>>>
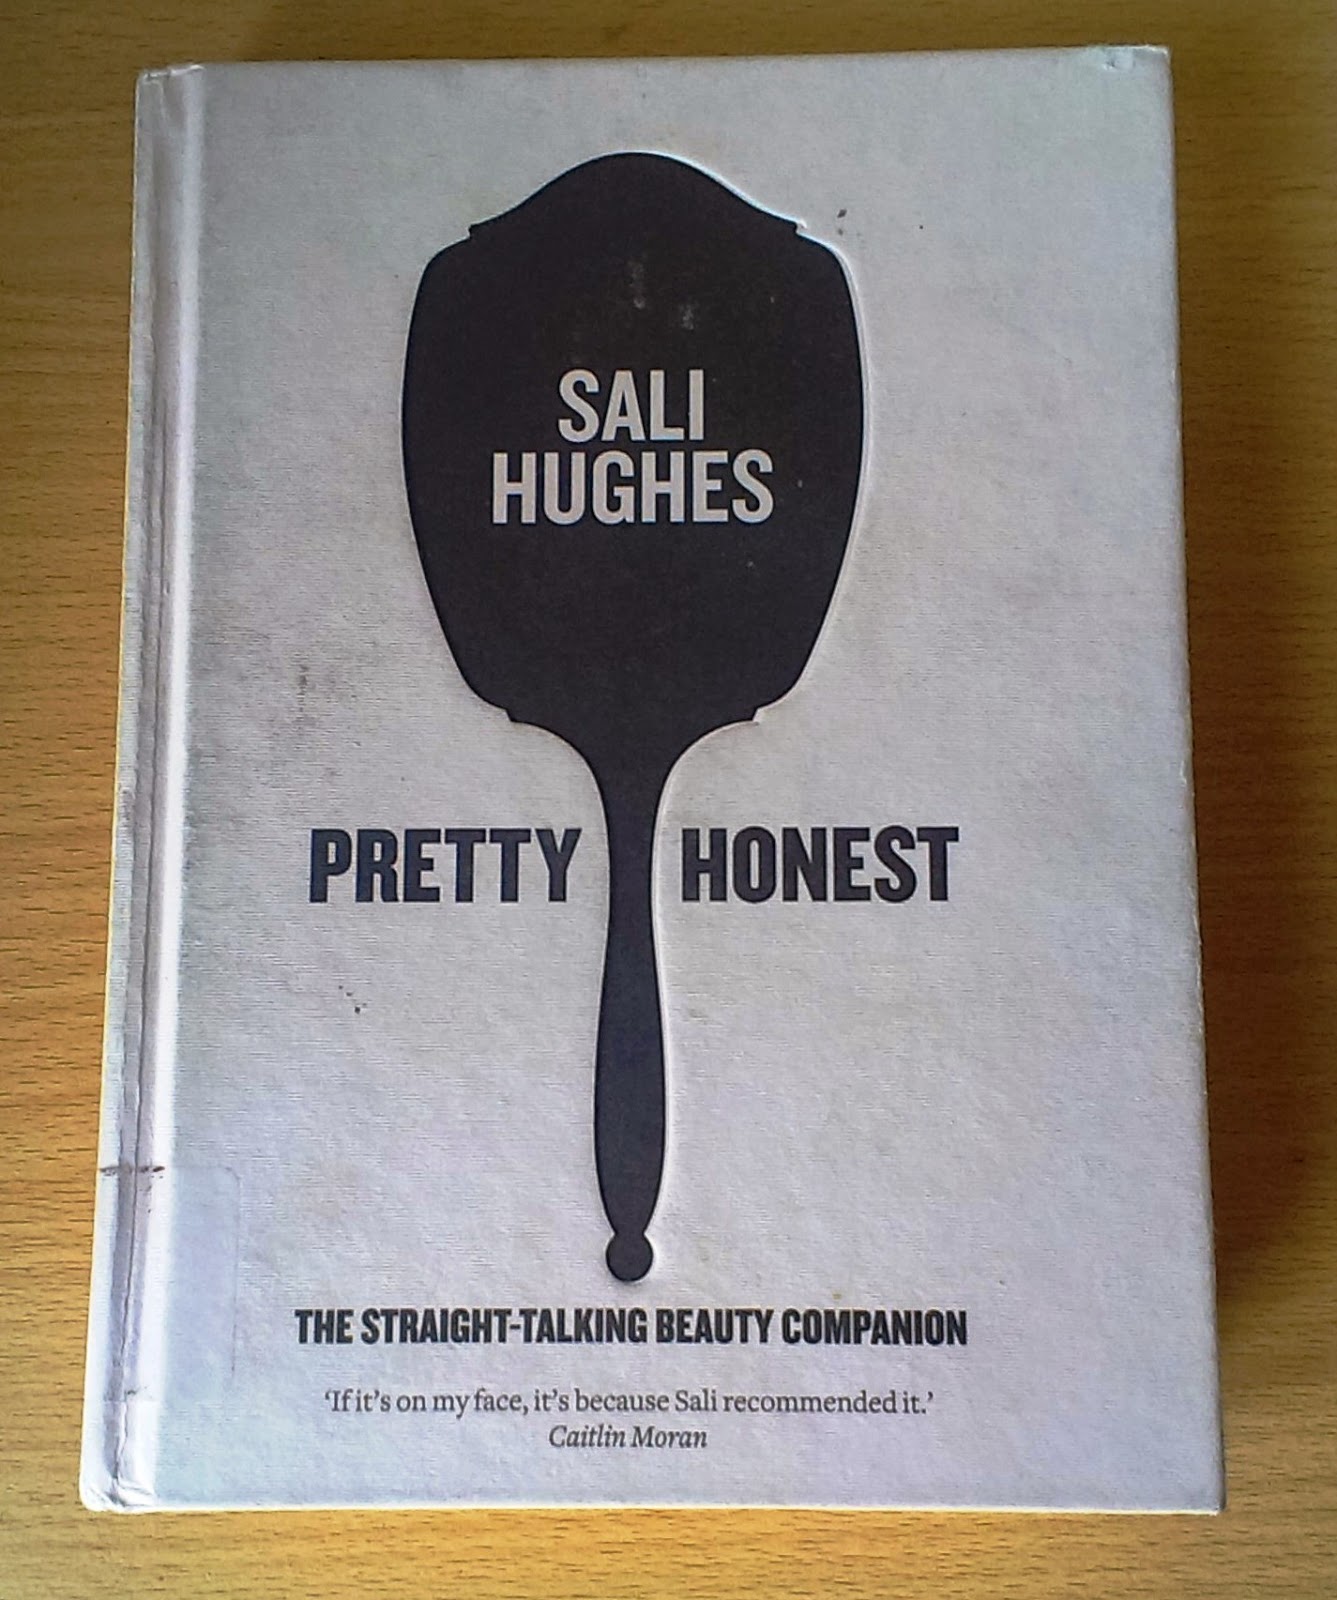 Pretty Honest by Sali Hughes
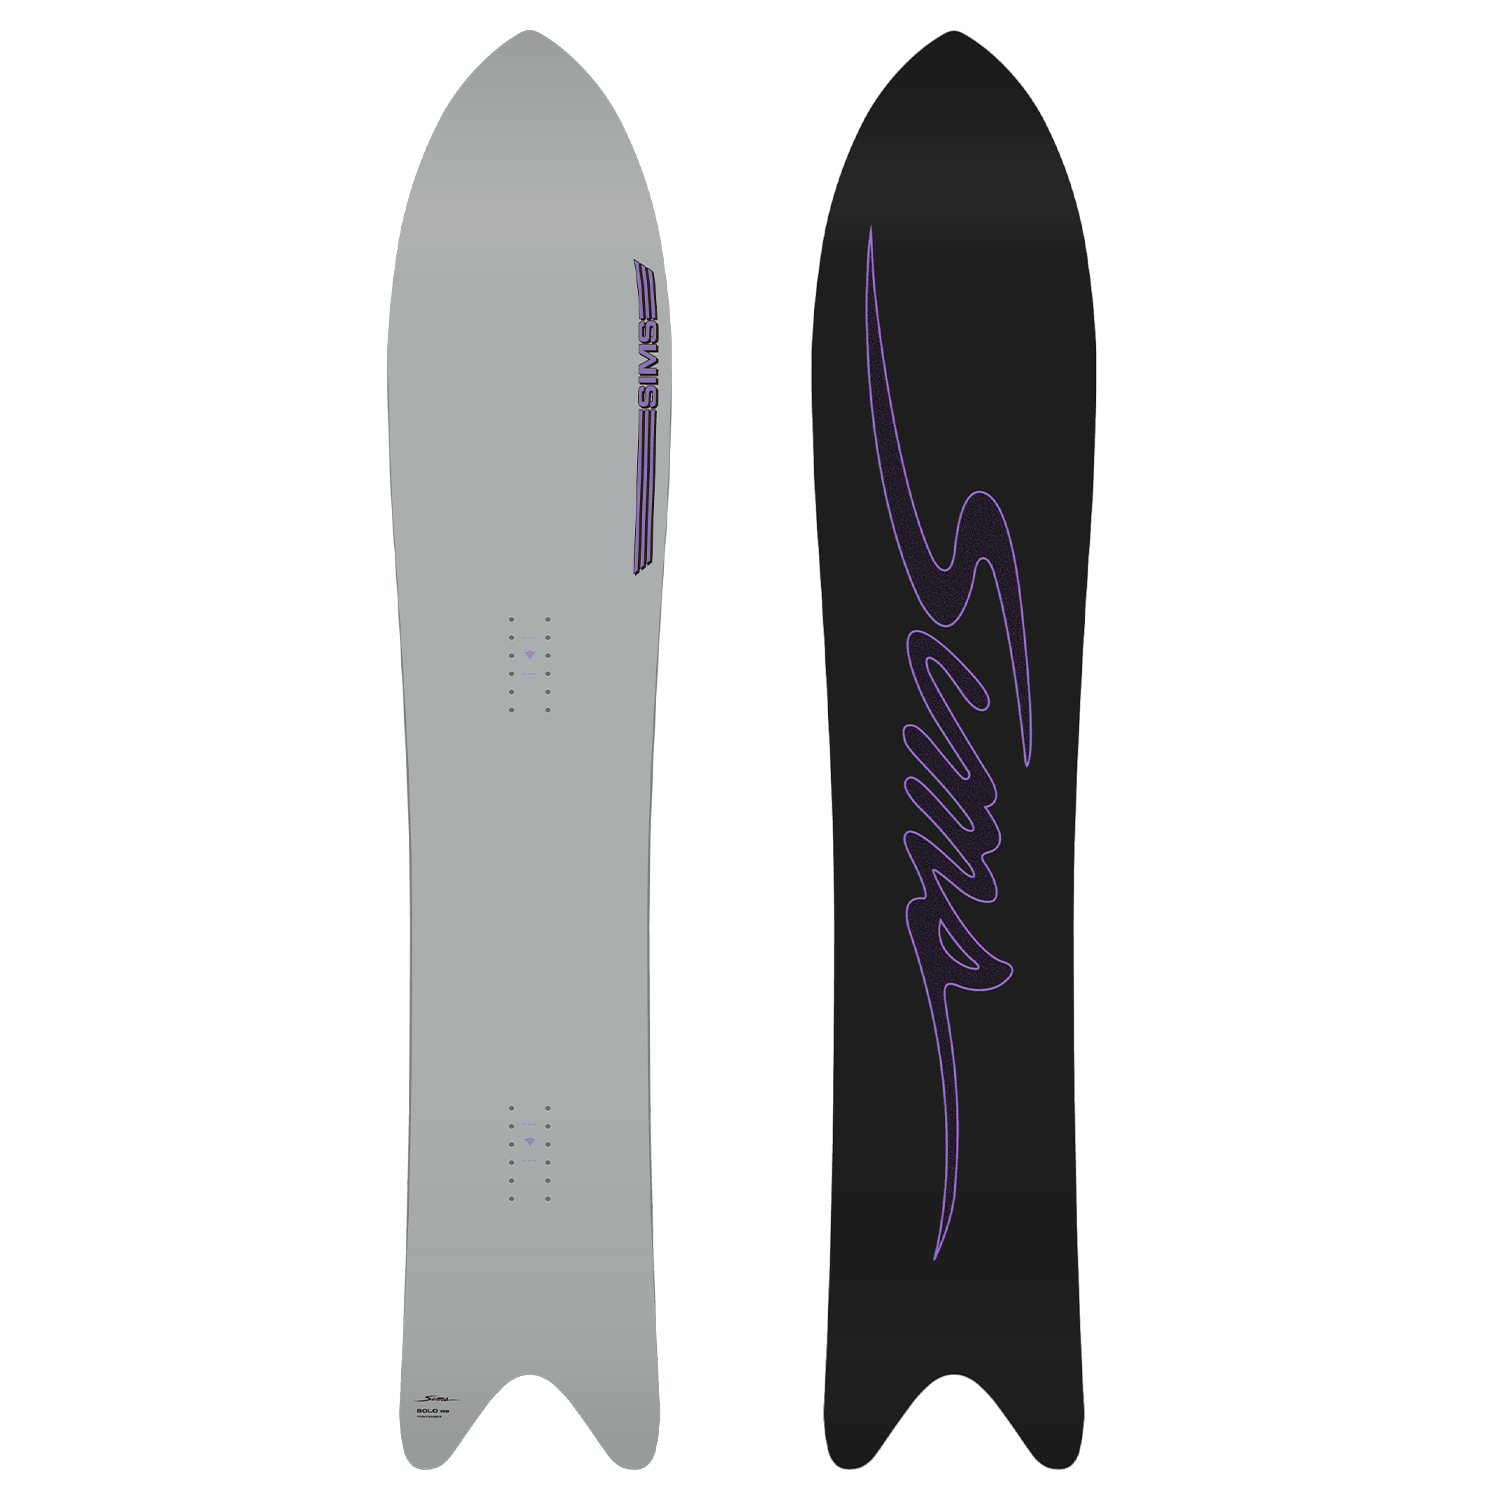 SIMS SOLO 156cm(18-19) - スノーボード
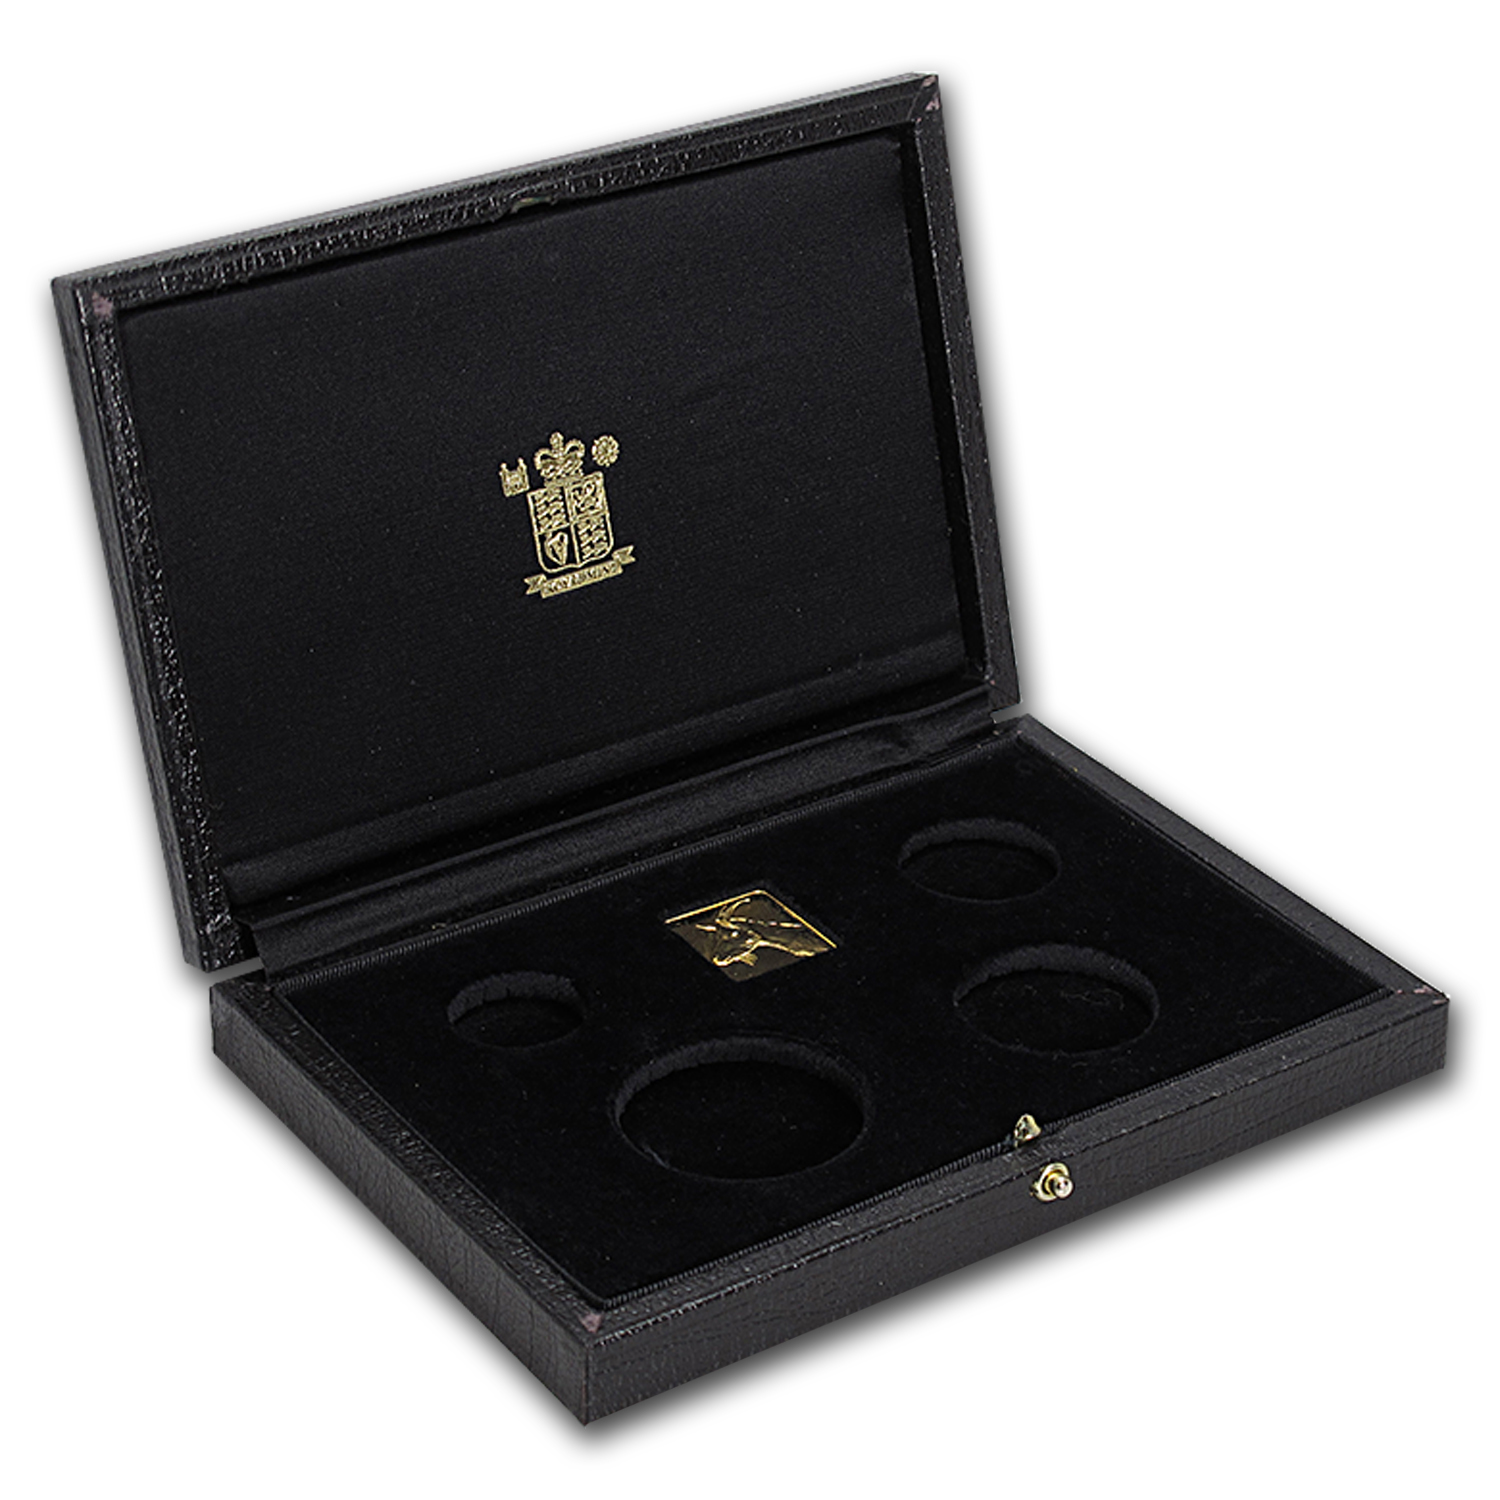 Buy OGP Box & COA - 1991 Proof Gold Britannia 4-Coin Set
<<<
• EXERCISE DIRECTIONS: Write the material above out again exactly. Omit every image.

• ANSWER FOR THE TASK:
 Pretty Honest by Sali Hughes
 SIMS SOLO 156cm(18-19) - スノーボード
 Buy OGP Box & COA - 1991 Proof Gold Britannia 4-Coin Set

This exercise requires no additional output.